DATA BELOW START

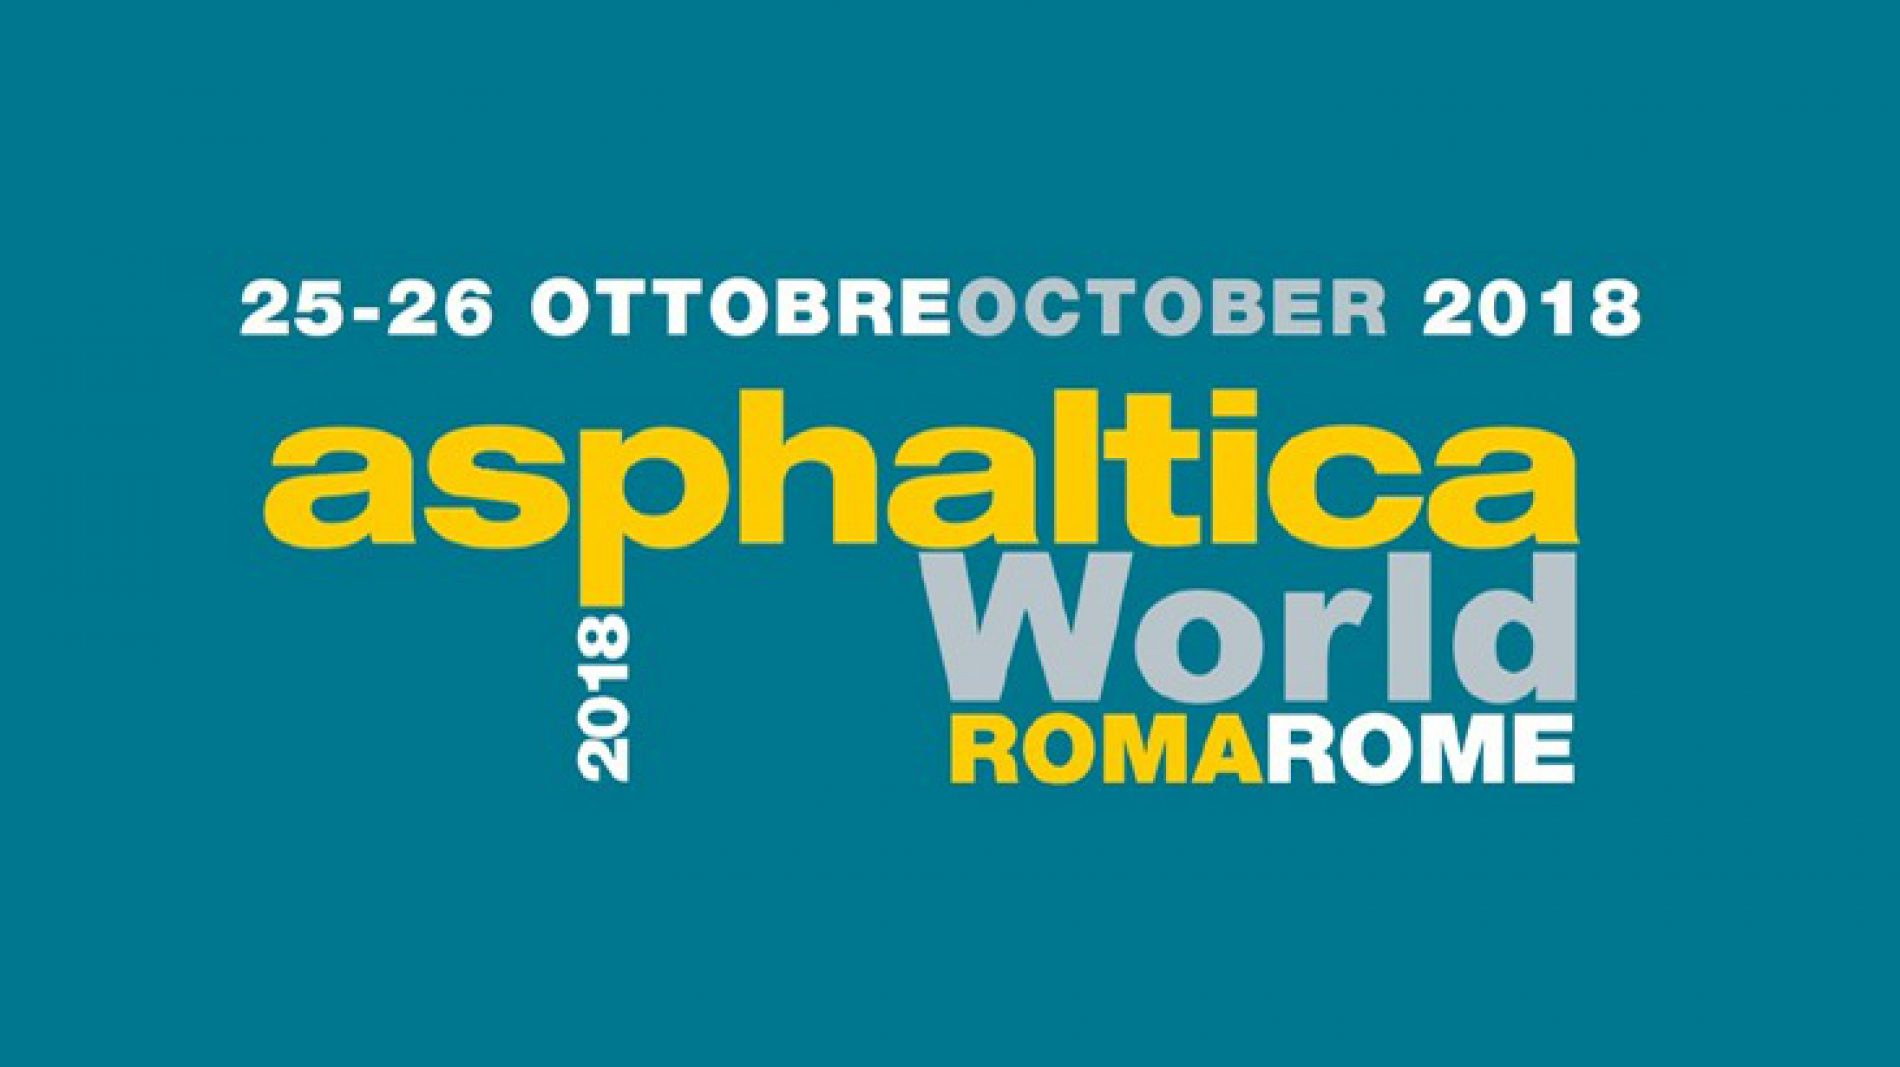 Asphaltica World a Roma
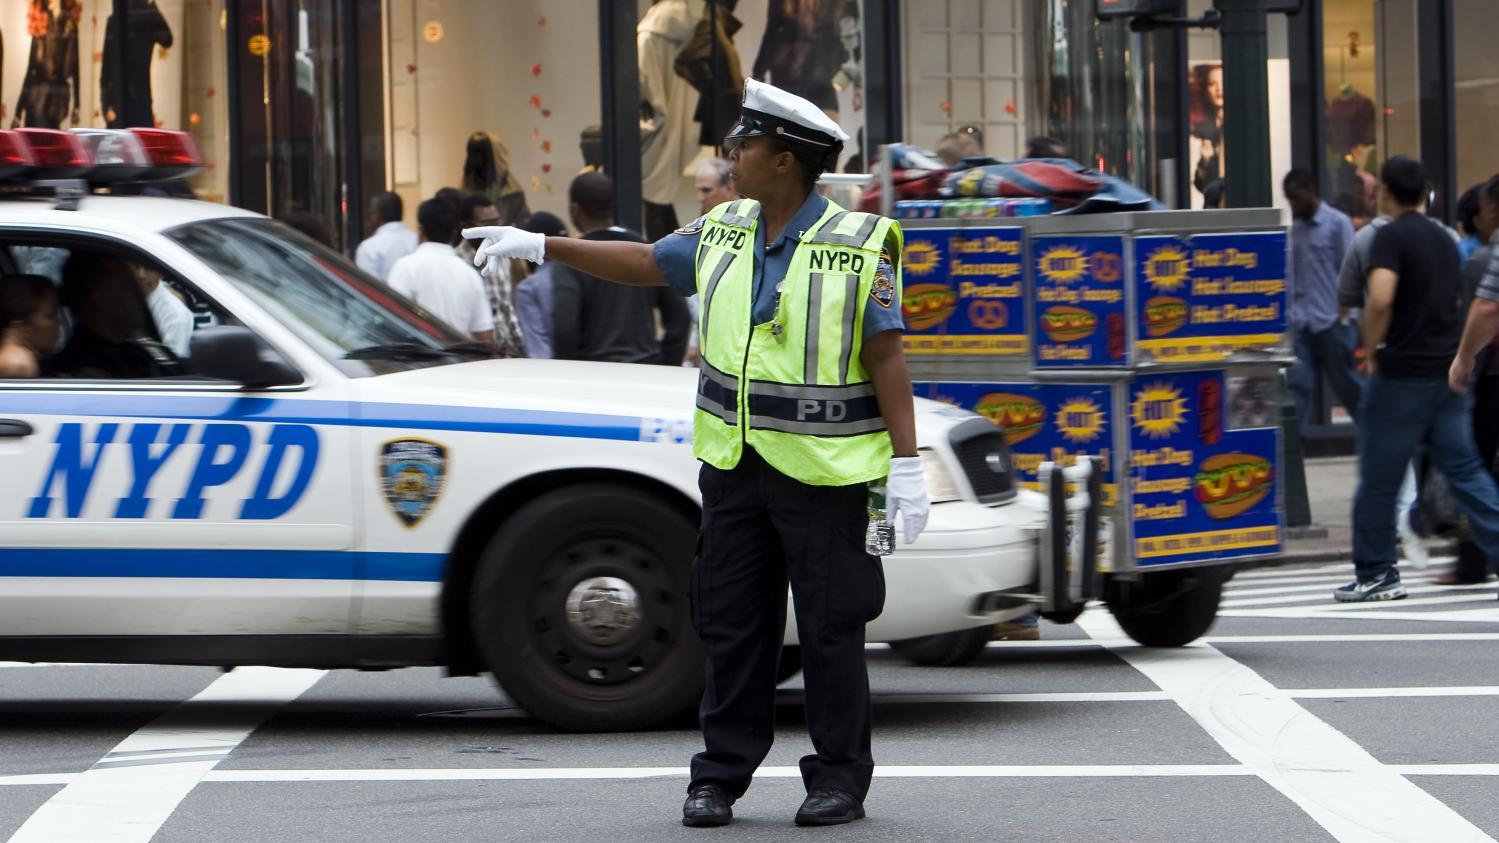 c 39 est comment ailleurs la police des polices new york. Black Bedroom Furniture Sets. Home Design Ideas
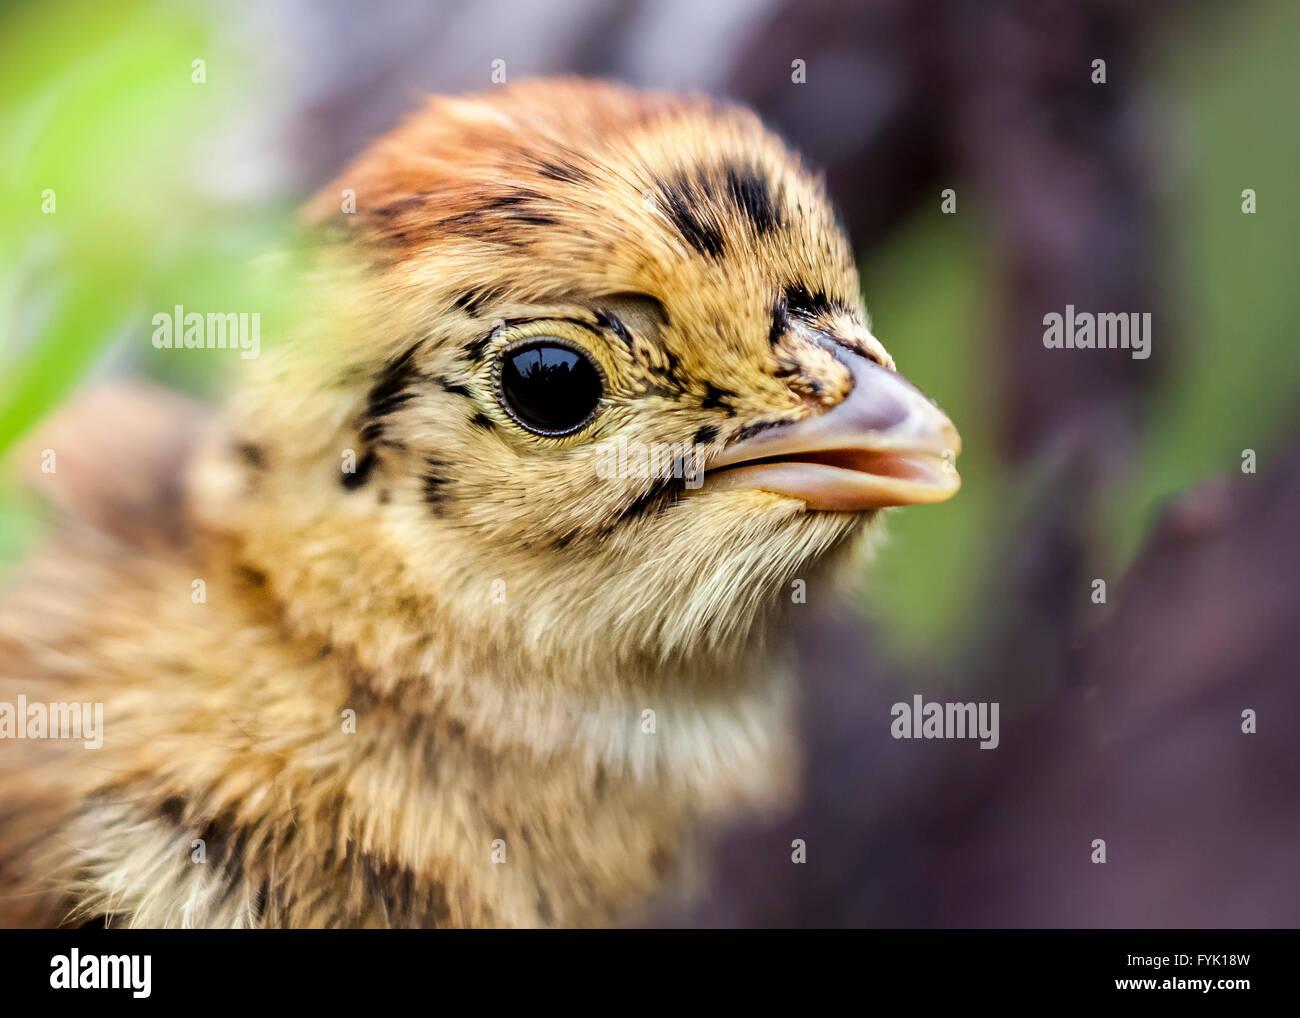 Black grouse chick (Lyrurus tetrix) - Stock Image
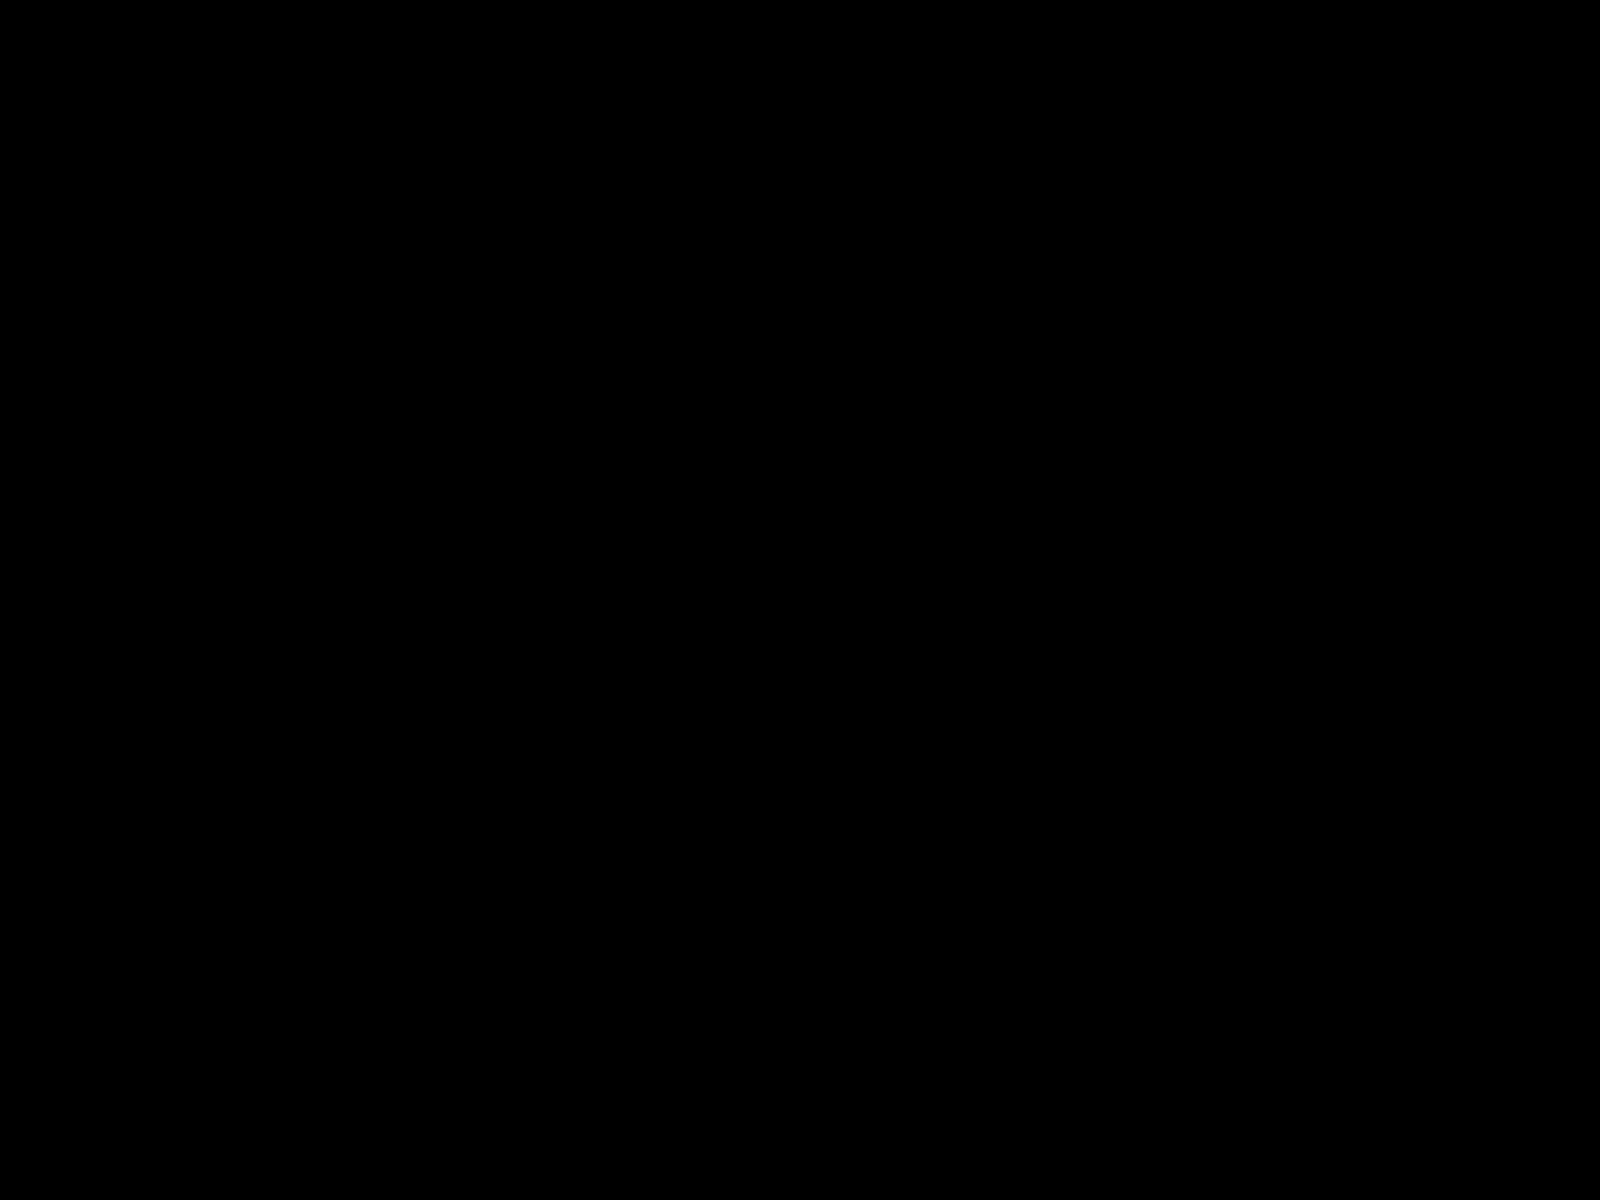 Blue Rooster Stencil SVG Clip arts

DATA BELOW END

Your reply should consist of the data, transcribed exactly, and should hold no pictures.

 Asphaltica World a Roma
 c 39 est comment ailleurs la police des polices new york. Black Bedroom Furniture Sets. Home Design Ideas
 Black grouse chick (Lyrurus tetrix) - Stock Image
 Blue Rooster Stencil SVG Clip arts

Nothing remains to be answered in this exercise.